Problem to solve: Give back, exactly as written, the lines from the first line of the data below through the line with "Xbox identity provider", and omit the pictures.

==== Given material

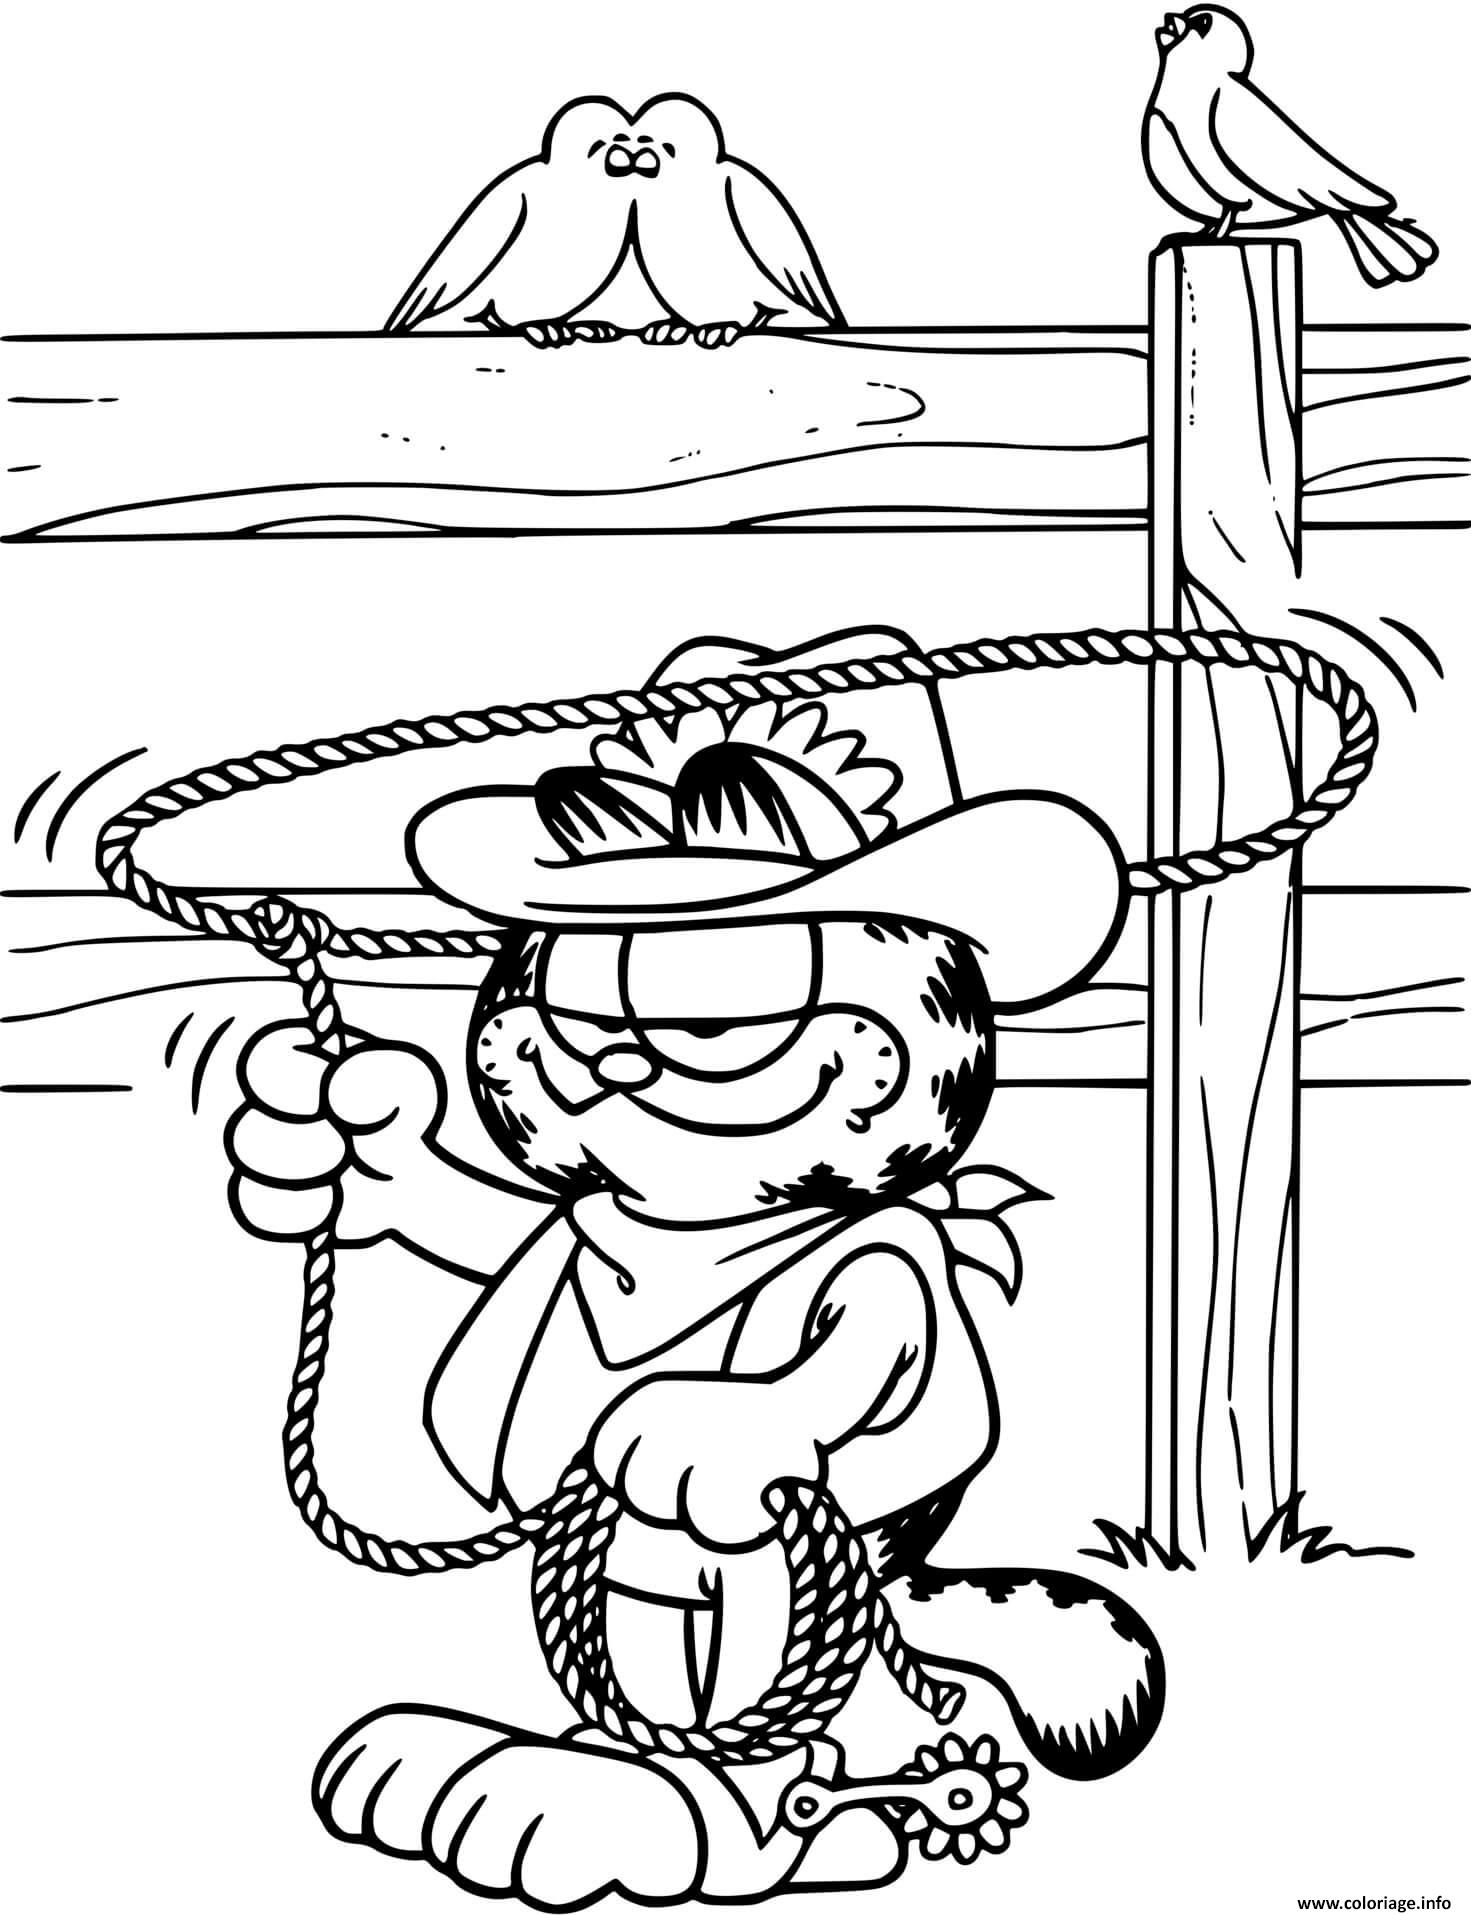 Coloriage Garfield En Cowboy Avec Son Lasso Dessin à Imprimer
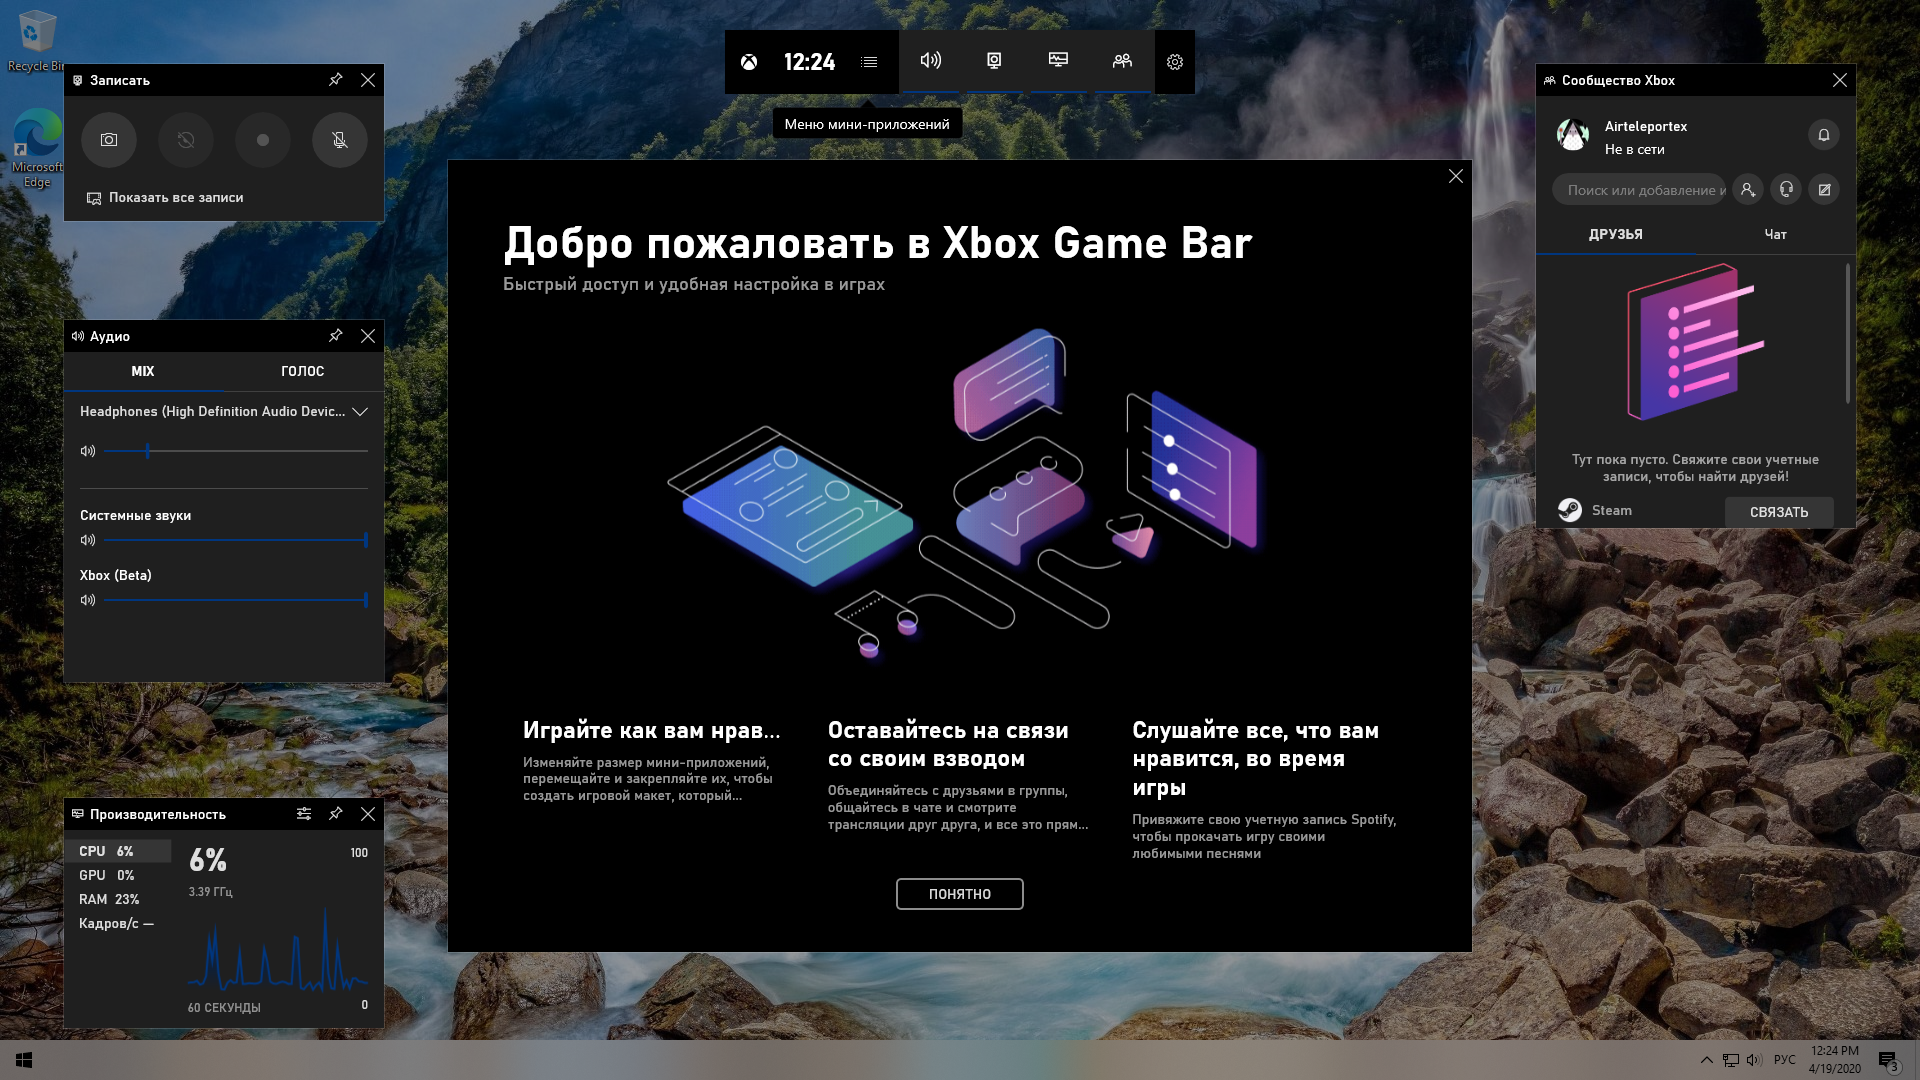 Xbox identity provider windows 10. Xbox Identity. Приложение хбокс Идентити. Панорама x64 скрины меню.
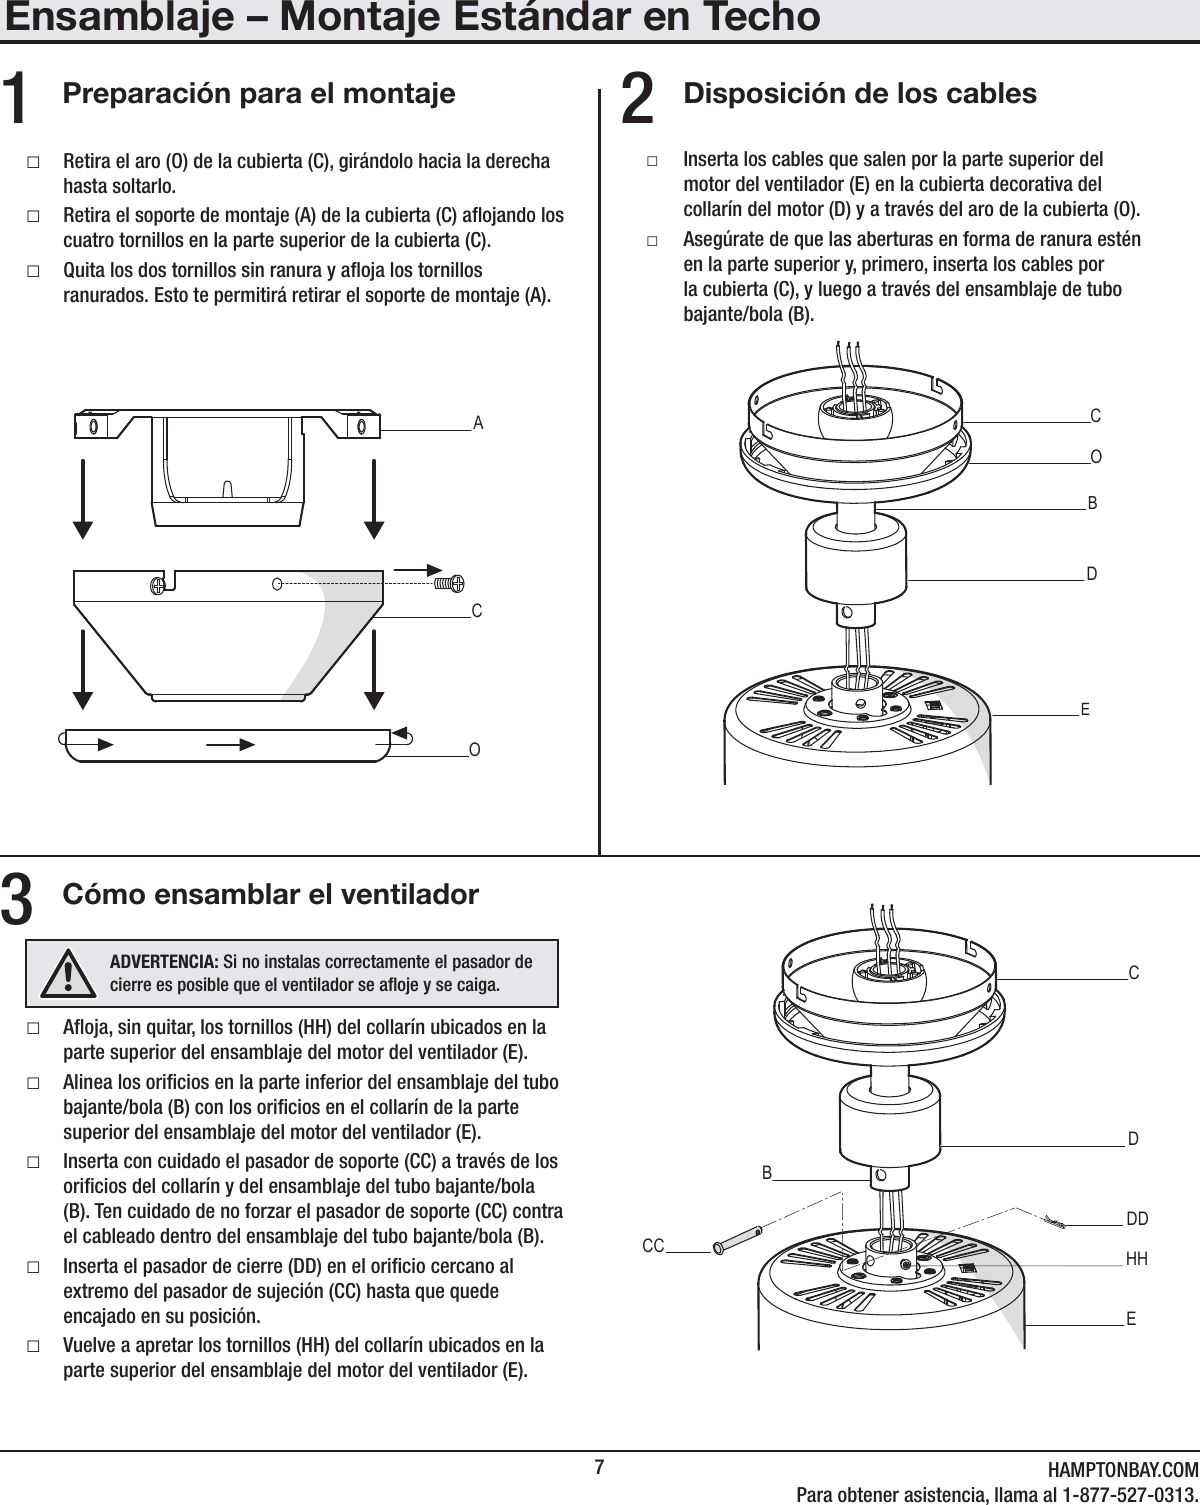 7HAMPTONBAY.COMPara obtener asistencia, llama al 1-877-527-0313.Ensamblaje – Montaje Estándar en TechoDisposición de los cablesCómo ensamblar el ventiladorPreparación para el montaje □Aoja, sin quitar, los tornillos (HH) del collarín ubicados en la parte superior del ensamblaje del motor del ventilador (E). □Alinea los oricios en la parte inferior del ensamblaje del tubo bajante/bola (B) con los oricios en el collarín de la parte superior del ensamblaje del motor del ventilador (E). □Inserta con cuidado el pasador de soporte (CC) a través de los oricios del collarín y del ensamblaje del tubo bajante/bola (B). Ten cuidado de no forzar el pasador de soporte (CC) contra el cableado dentro del ensamblaje del tubo bajante/bola (B). □Inserta el pasador de cierre (DD) en el oricio cercano al extremo del pasador de sujeción (CC) hasta que quede encajado en su posición. □Vuelve a apretar los tornillos (HH) del collarín ubicados en la parte superior del ensamblaje del motor del ventilador (E). □Retira el aro (O) de la cubierta (C), girándolo hacia la derecha hasta soltarlo. □Retira el soporte de montaje (A) de la cubierta (C) aojando los cuatro tornillos en la parte superior de la cubierta (C). □Quita los dos tornillos sin ranura y aoja los tornillos ranurados. Esto te permitirá retirar el soporte de montaje (A). □Inserta los cables que salen por la parte superior del motor del ventilador (E) en la cubierta decorativa del collarín del motor (D) y a través del aro de la cubierta (O). □Asegúrate de que las aberturas en forma de ranura estén en la parte superior y, primero, inserta los cables por la cubierta (C), y luego a través del ensamblaje de tubo bajante/bola (B).231   CAOEDCBOBCCDDDECBHHADVERTENCIA: Si no instalas correctamente el pasador de cierre es posible que el ventilador se aoje y se caiga.

========

Exercise result:
 Coloriage Garfield En Cowboy Avec Son Lasso Dessin à Imprimer
 Xbox identity provider windows 10. Xbox Identity. Приложение хбокс Идентити. Панорама x64 скрины меню.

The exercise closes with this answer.